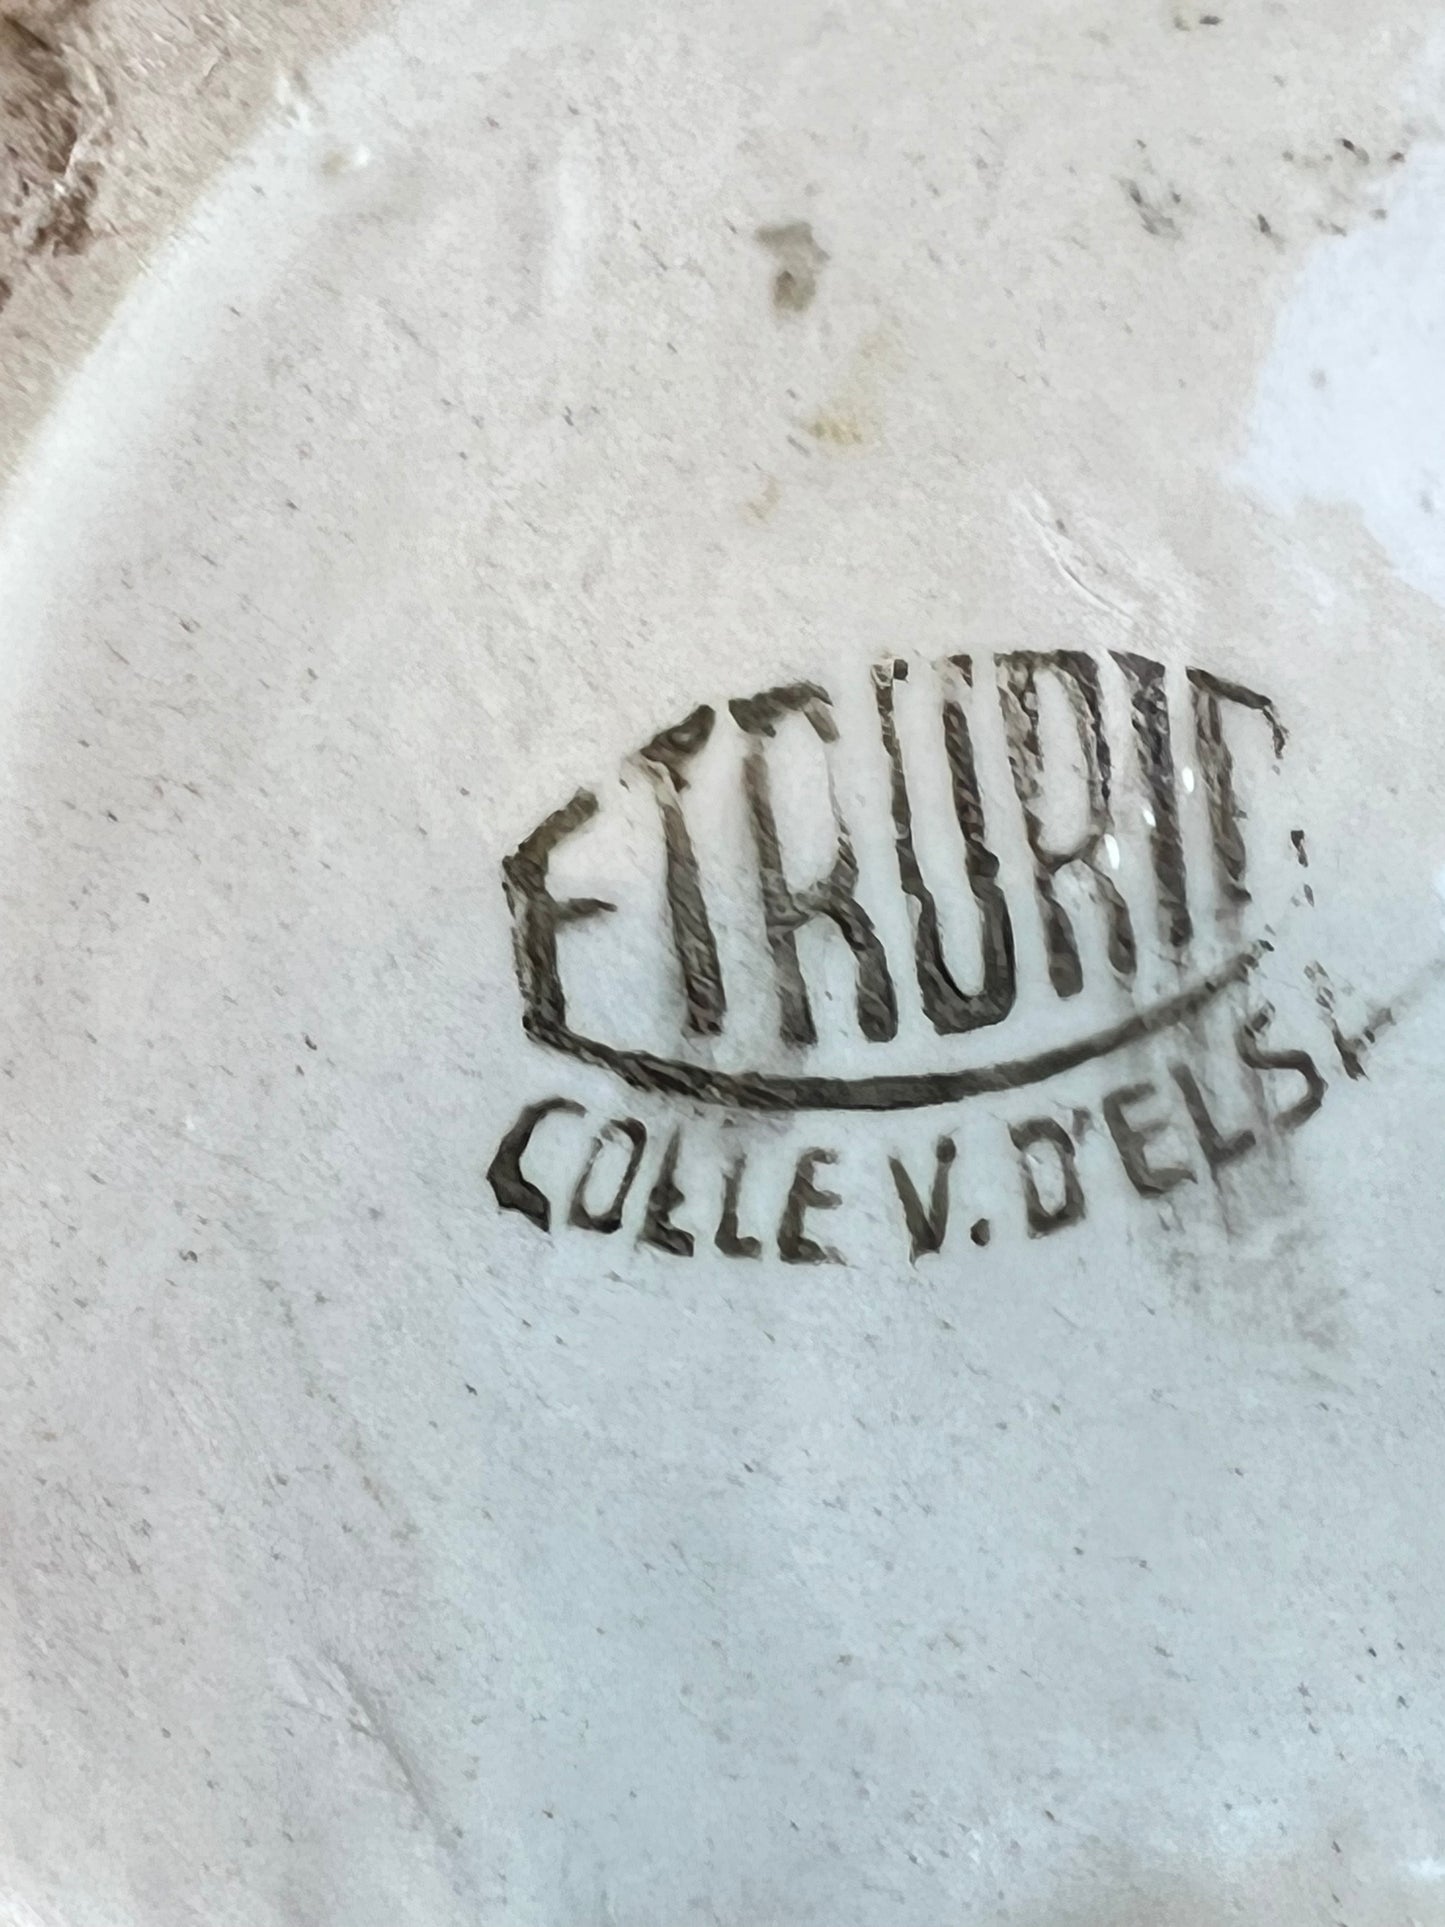 Etruria Colle Val d'Elsa Italian Virgin Mary Ceramic, 1950s
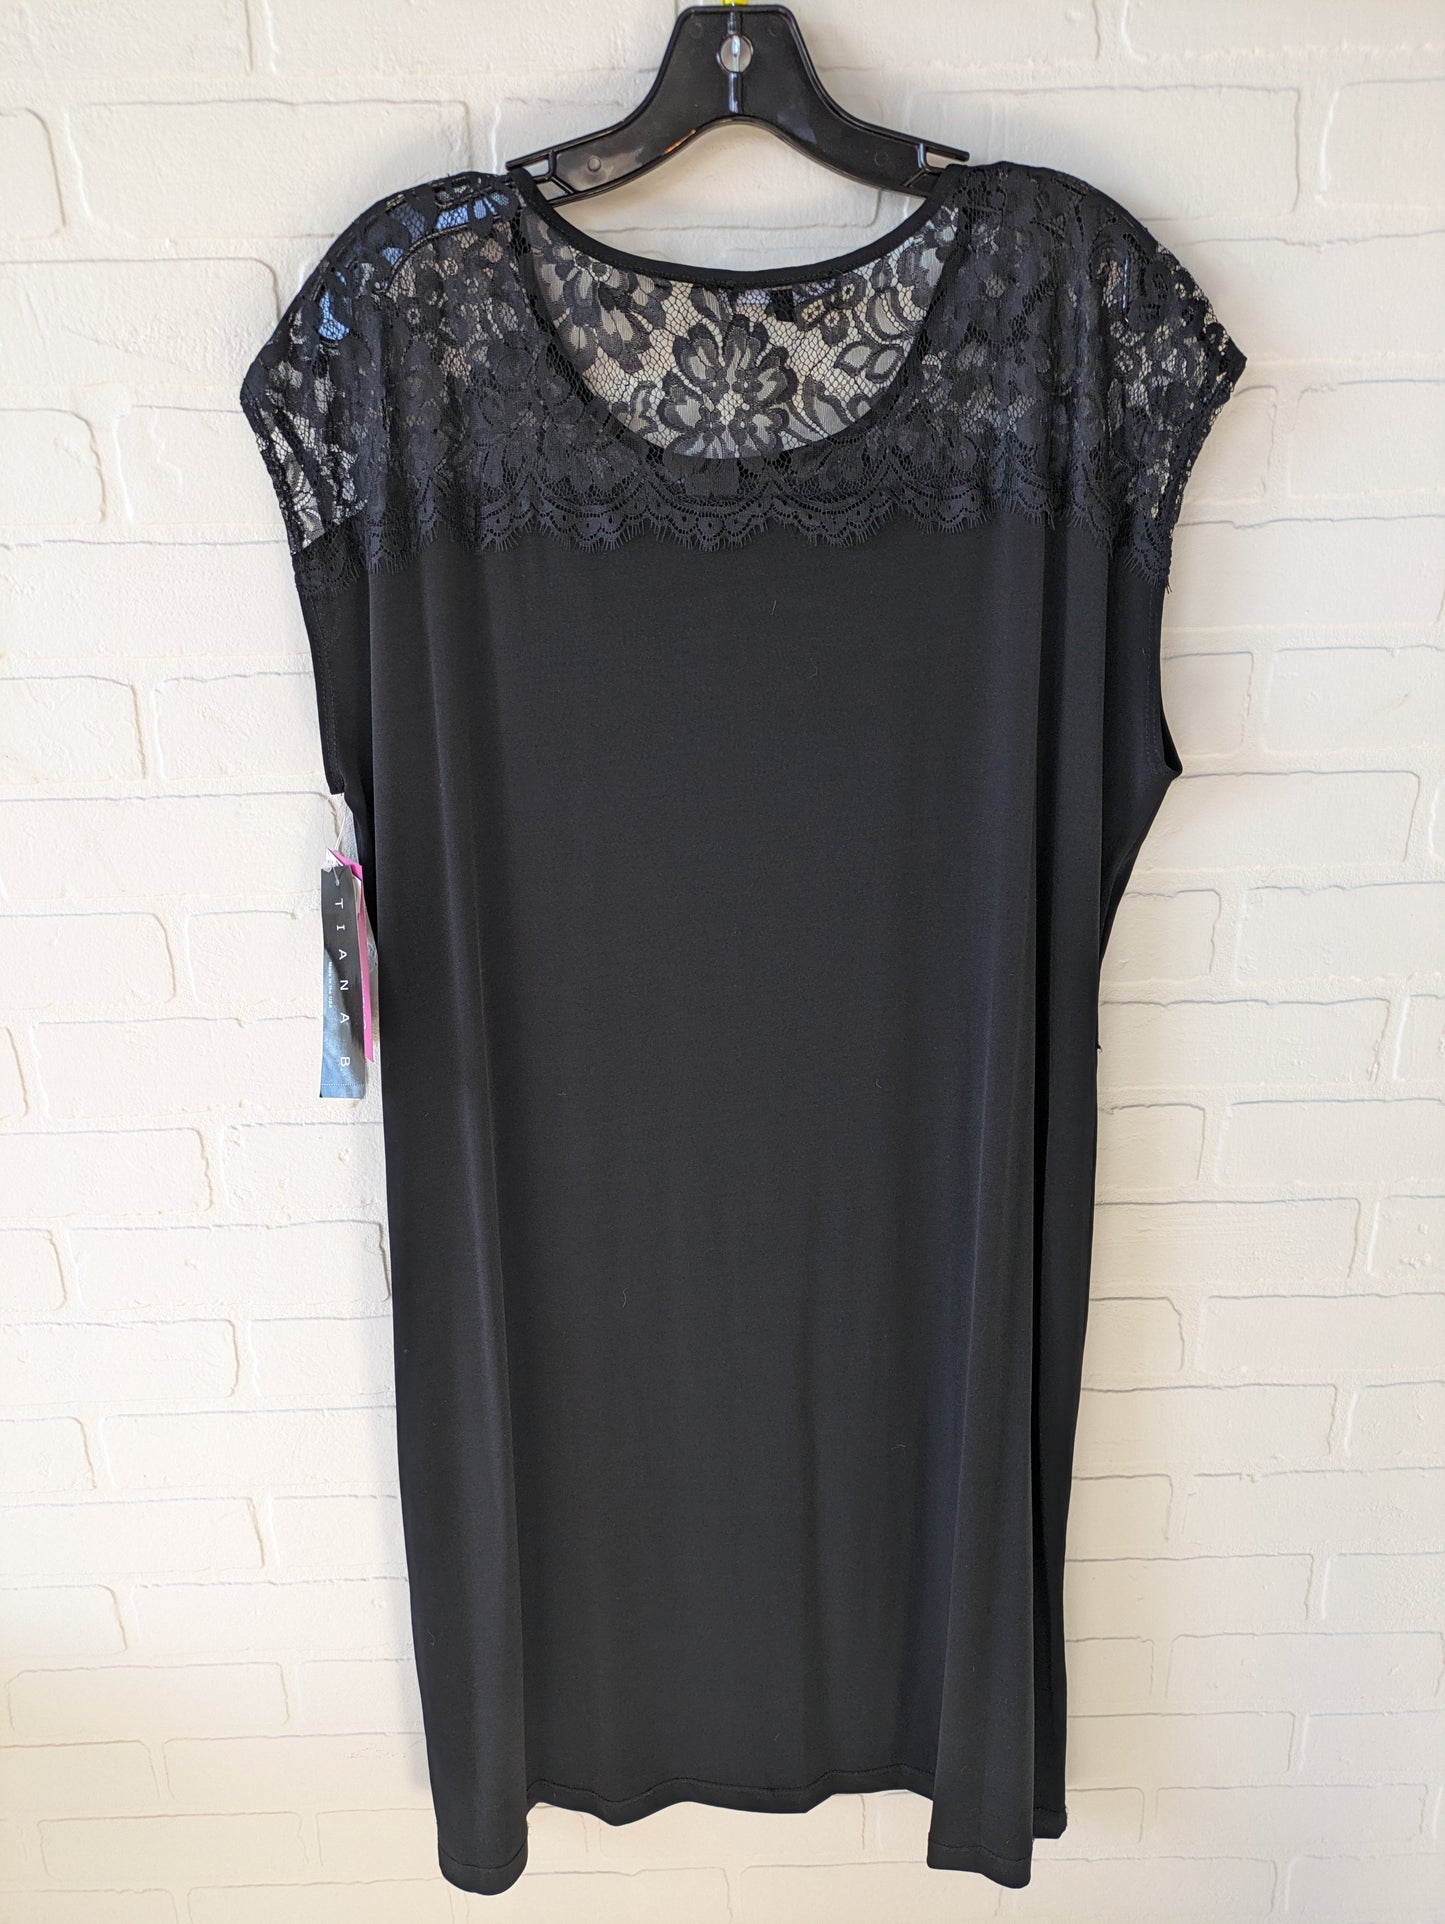 Dress Casual Midi By Tiana B  Size: 2x
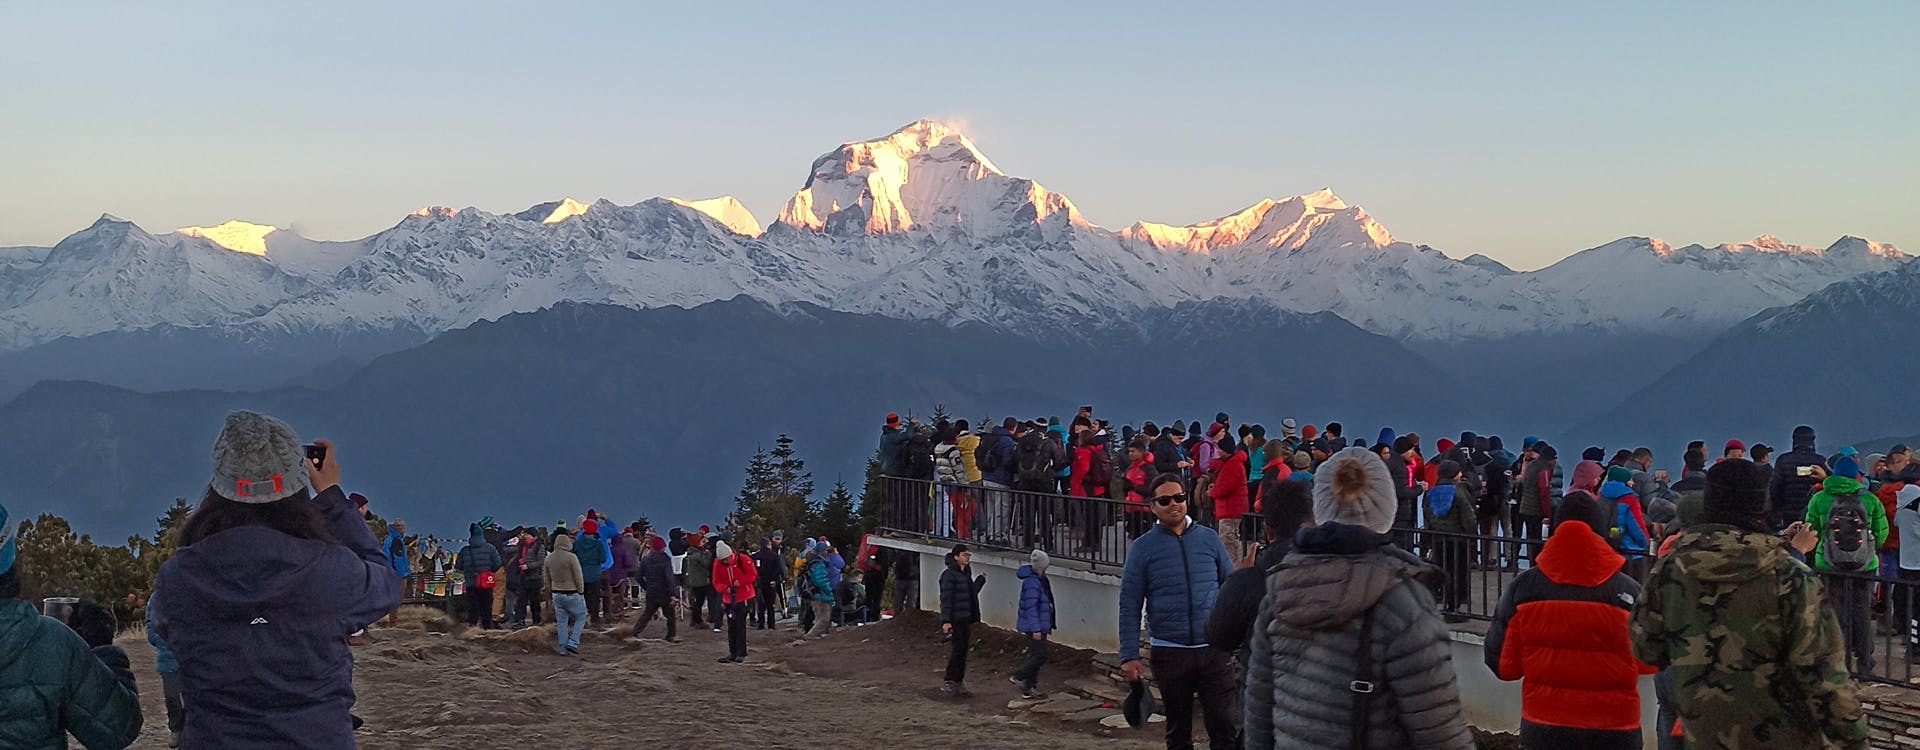 5 Best Hikes around Pokhara
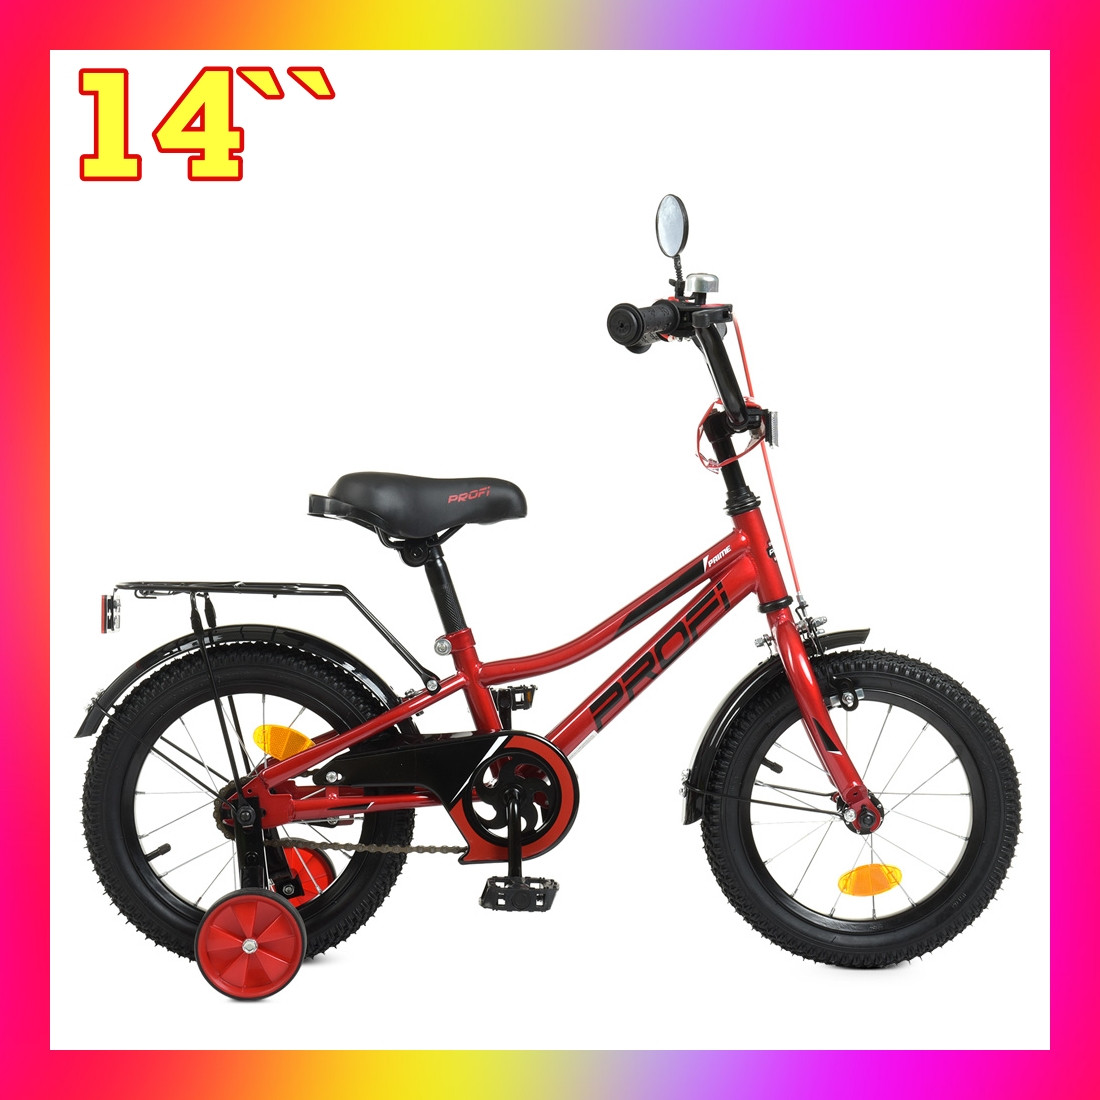 Дитячий двоколісний велосипед Profi PRIME 14 дюймів, 14221 червоний. Для дітей 3-5 років
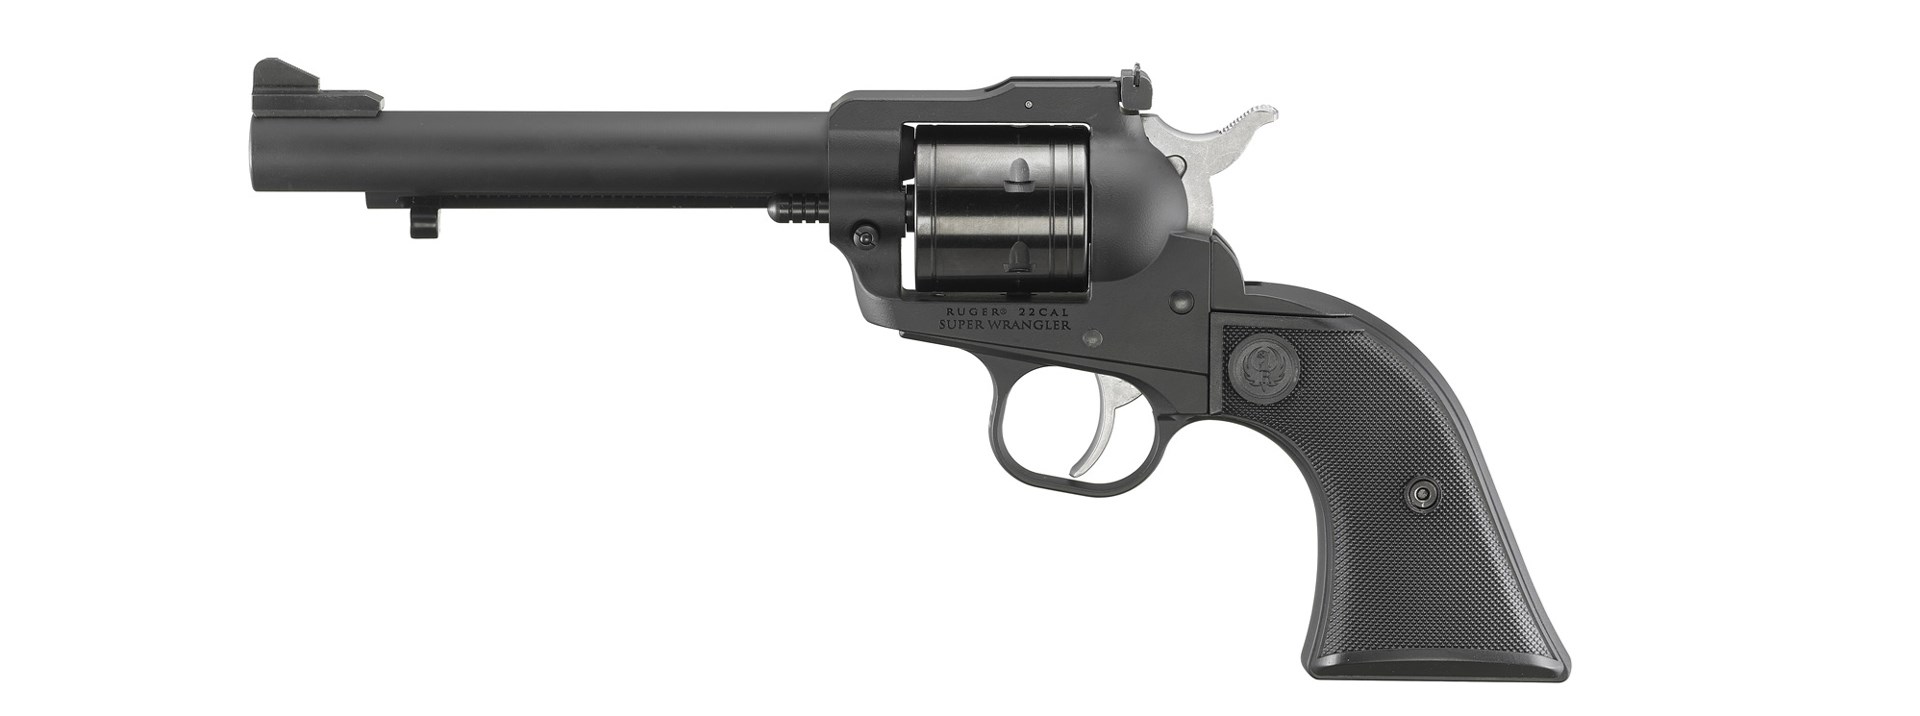 Ruger Super Wranlger left-side view black single-action revolver

★ ★ ★ ★ ★

§ **Required work**:
Could you reproduce exactly the lines from the one containing "5 Best Hikes around Pokhara" through the last line of the records, both included, leaving out the pictures?

§ **Task solution**:
 5 Best Hikes around Pokhara
 Дитячий двоколісний велосипед Profi PRIME 14 дюймів, 14221 червоний. Для дітей 3-5 років
 Ruger Super Wranlger left-side view black single-action revolver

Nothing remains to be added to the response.